BNI akan segera mengubah outlet konvensional menjadi outlet digital guna memaksimalkan pelaksanaan new normal. Manajemen BNI sangat yakin karena melihat telah terjadi lonjakan transaksi yang signifikan pada outlet digitalnya selama triwulan 1 2020 jika dibandingkan dengan triwulan 1 tahun lalu.

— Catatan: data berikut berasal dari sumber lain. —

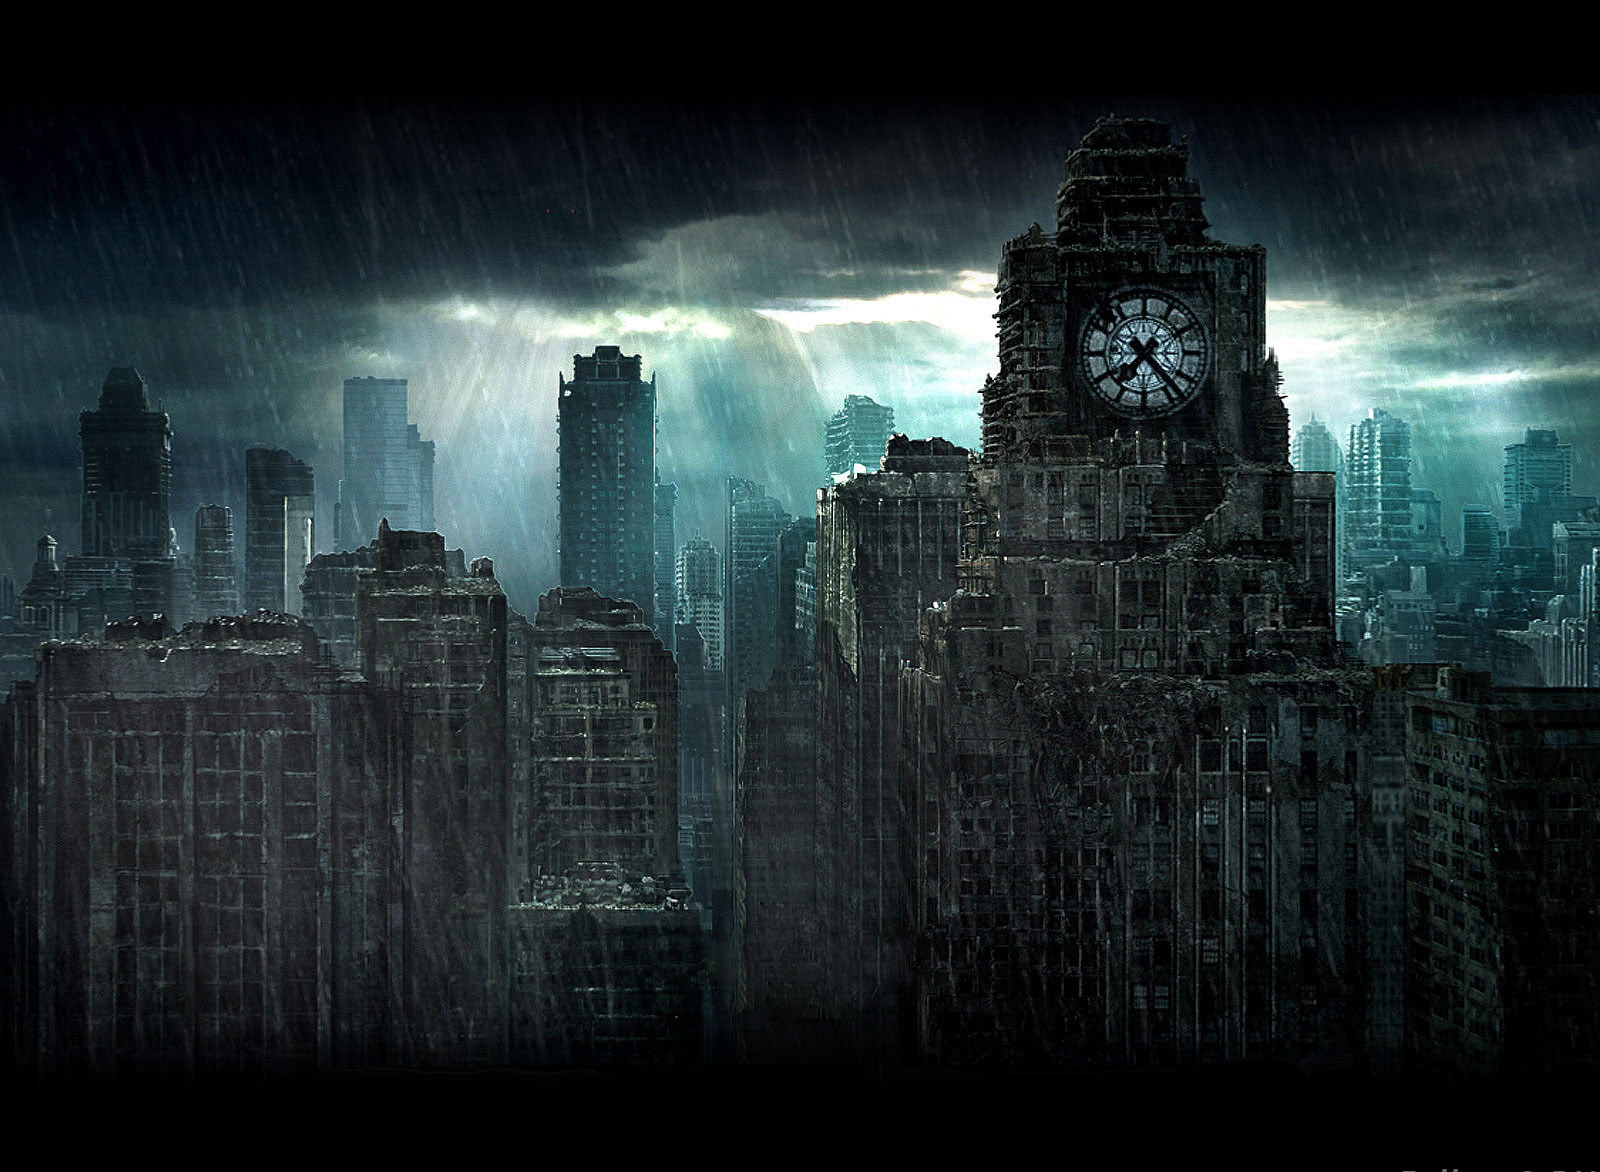 http://3.bp.blogspot.com/-wjiybscffz8/T5Qf9Dp8zFI/AAAAAAAAA1w/0xo2c7opOk4/s1600/dark-rainy-city.jpg

Memangkas kantor cabang, di satu sisi jelas akan sangat besar pengaruhnya, karena memberikan penghematan bagi masing-masing bank. Biaya listrik, biaya administrasi, biaya perawatan gedung kantor, akan berkurang jauh. Jika gedung tersebut disewa, maka anggaran biaya sewa akan menurun tajam.Â
Apabila gedung tersebut milik sendiri, bisa menjadi sumber pendapatan baru bila disewakan ke pihak lain. Atau akan menerima uang masuk yang relatif besar, bila kantor-kantor itu dijual.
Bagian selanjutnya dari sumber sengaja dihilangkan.